Below I break that transformation down, compare the two common strategies you’ll see in real systems, and show the practical trade-offs and operational patterns you should know.
The core problem
When the origin (authoritative store) updates content, every CDN edge that cached the previous version must stop serving that stale copy. That requires two pieces:
- A way to detect or be told that an object changed.
- A way to make each edge evict or refresh its cached bytes (or mark them stale and revalidate on next request).
Timing matters: the sooner edges stop serving stale bytes, the fresher the content — but freshness comes at cost (lower hit rate, more origin / control traffic, greater system complexity).
Two common strategies
1) TTL-based expiry (time-to-live)
How it works
- Each object is cached at the edge with a TTL (Cache-Control: max-age or surrogate headers).
- Edges serve cached bytes until the TTL expires, then either revalidate with the origin (If-Modified-Since / ETag) or fetch a fresh copy.
Pros
- Simple and cheap to operate.
- Minimal control-plane traffic: edges make conditional requests only when TTLs expire.
- Predictable load: you can size origin load roughly from TTLs and traffic.
Cons
- Accepts bounded staleness: content is stale until TTL expiration (unless you use shorter TTLs or revalidation hacks).
- Short TTLs increase origin traffic and reduce hit ratios.
When to use
- Static assets (versioned files, immutable objects) — give very long TTLs.
- Content where slight staleness is acceptable (analytics dashboards with a few seconds/minutes lag).
Variants and enhancements
- stale-while-revalidate: serve stale content while fetching a fresh copy in the background, reducing latency while improving freshness over time.
- conditional revalidation: use ETag/If-Modified-Since to avoid transferring bytes if not changed.
2) Explicit purge / invalidation API (control-plane invalidation)
How it works
- Origin or a controlling service calls the CDN’s purge API to tell edges to evict or revalidate specific objects or patterns (by URL, content_id, or surrogate-key).
- The control plane must fan out the invalidation to every POP, handle retries, and deal with partial failures.
Pros
- Fast: you can make freshly changed content appear on edges almost immediately.
- Precise: you can target a single asset, or a key-tagged group of assets, without globally shortening TTLs.
Cons
- Operational complexity: you need a reliable control plane that fans out invalidations, tracks acknowledgements, and retries failures.

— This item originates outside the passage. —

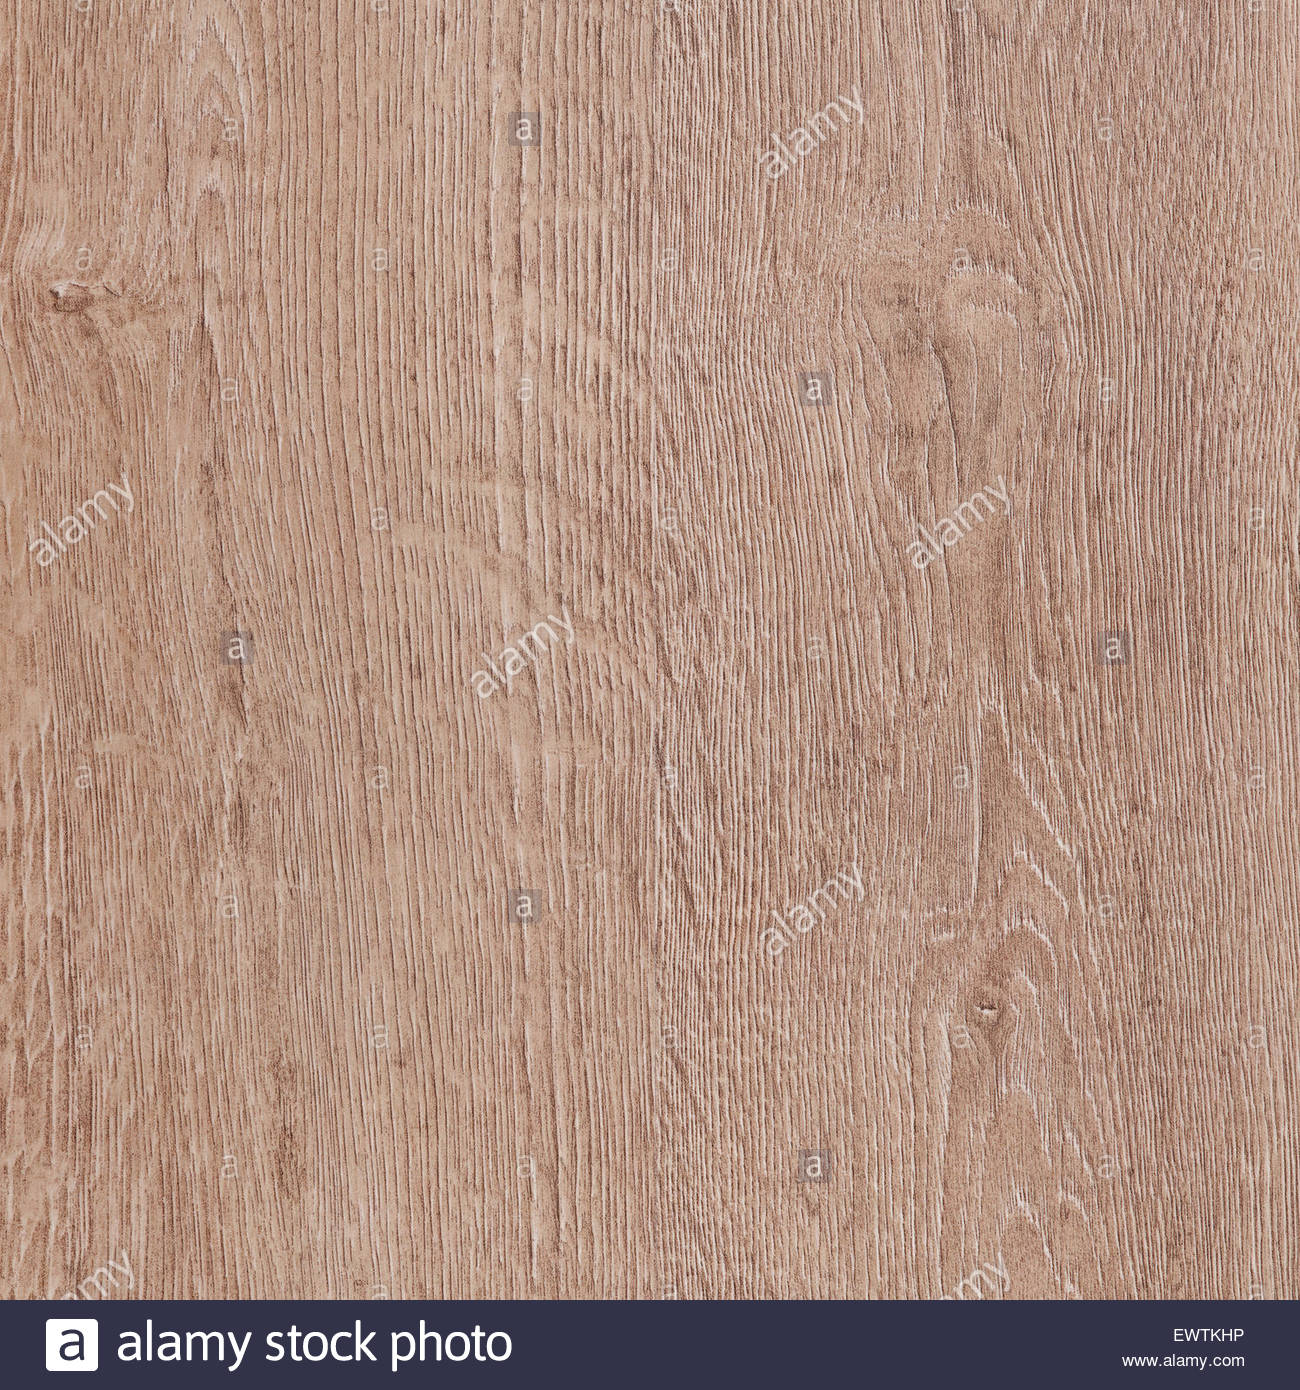 Wood Background Or Oak Furniture Texture Stock Photo

- Control traffic: invalidations themselves are additional traffic and state changes for the CDN.
- Potential for race conditions if purge semantics are not idempotent or if new content is published concurrently.
Common patterns
- Surrogate keys / content IDs: tag responses with keys so you can purge groups (e.g., all assets for a page) in one call.
- Batch invalidations and rate-limit them to avoid thrashing the CDN or overloading the control plane.
- Implement idempotent invalidation operations and stable identifiers to avoid accidental misses/duplicates.
The trade-off, clearly stated
- Stronger freshness (short TTLs, immediate purges) = lower cache hit rate + higher origin/control-plane traffic + more complexity.
- Weaker freshness (long TTLs) = higher hit rate + lower origin load but more staleness.
There’s no free lunch. Design choices depend on where you need low latency for writes, how much origin traffic you can tolerate, and how much operational complexity you can manage.
Operational implementation notes (what interviewers look for)
- Fan-out mechanism: use a robust pub/sub or control-plane queue to push invalidations to POPs. Ensure retries, exponential backoff, and dead-lettering for permanent failures.
- Idempotency and ordering: invalidation requests should be idempotent. Consider versioned keys or timestamps so older invalidations don’t accidentally override newer content.
- Metrics and SLAs: track invalidation latency (origin change → edge honor), cache hit ratio, origin request rate, and control-plane error rates.
- Safety nets: use short-lived soft TTLs combined with purge for critical updates (soft purge marks stale and forces revalidation on next request; hard purge evicts immediately).
- Testing: exercise purge paths in staging and measure time-to-visibility across POPs.
Practical recommendations (patterns by use case)
- Immutable assets (fingerprinted JS/CSS/images): very long TTL, no purge needed.
- Dynamic pages with strong freshness requirements (e.g., user-visible content changes): short TTLs + purge-by-surrogate-key for specific updates.
- High-read, low-write content with occasional updates: medium/long TTL + purge for updates.
- APIs / JSON endpoints: use conditional GETs (ETag/Last-Modified) with sensible TTLs and purge only for exceptional cases.
Quick checklist for interviews
- Explain TTL vs purge and the freshness vs hit-rate trade-off succinctly.
- Describe how to fan out invalidations (pub/sub, queues), and why retries/idempotency matter.
- Mention surrogate-keys or content IDs to avoid purging lots of URLs individually.
- Cover monitoring: invalidation latency, cache hit ratio, origin requests.
- Talk about soft vs hard purge, stale-while-revalidate, and conditional revalidation.
Closing
Candidates who can’t move from the high-level idea of "invalidate the cache" to the engineering details (fan-out, retries, idempotency, metrics, and trade-offs) usually fail the CDN question. In production, cache invalidation is where theory meets operational reality.
#SystemDesign #DistributedSystems #CloudComputing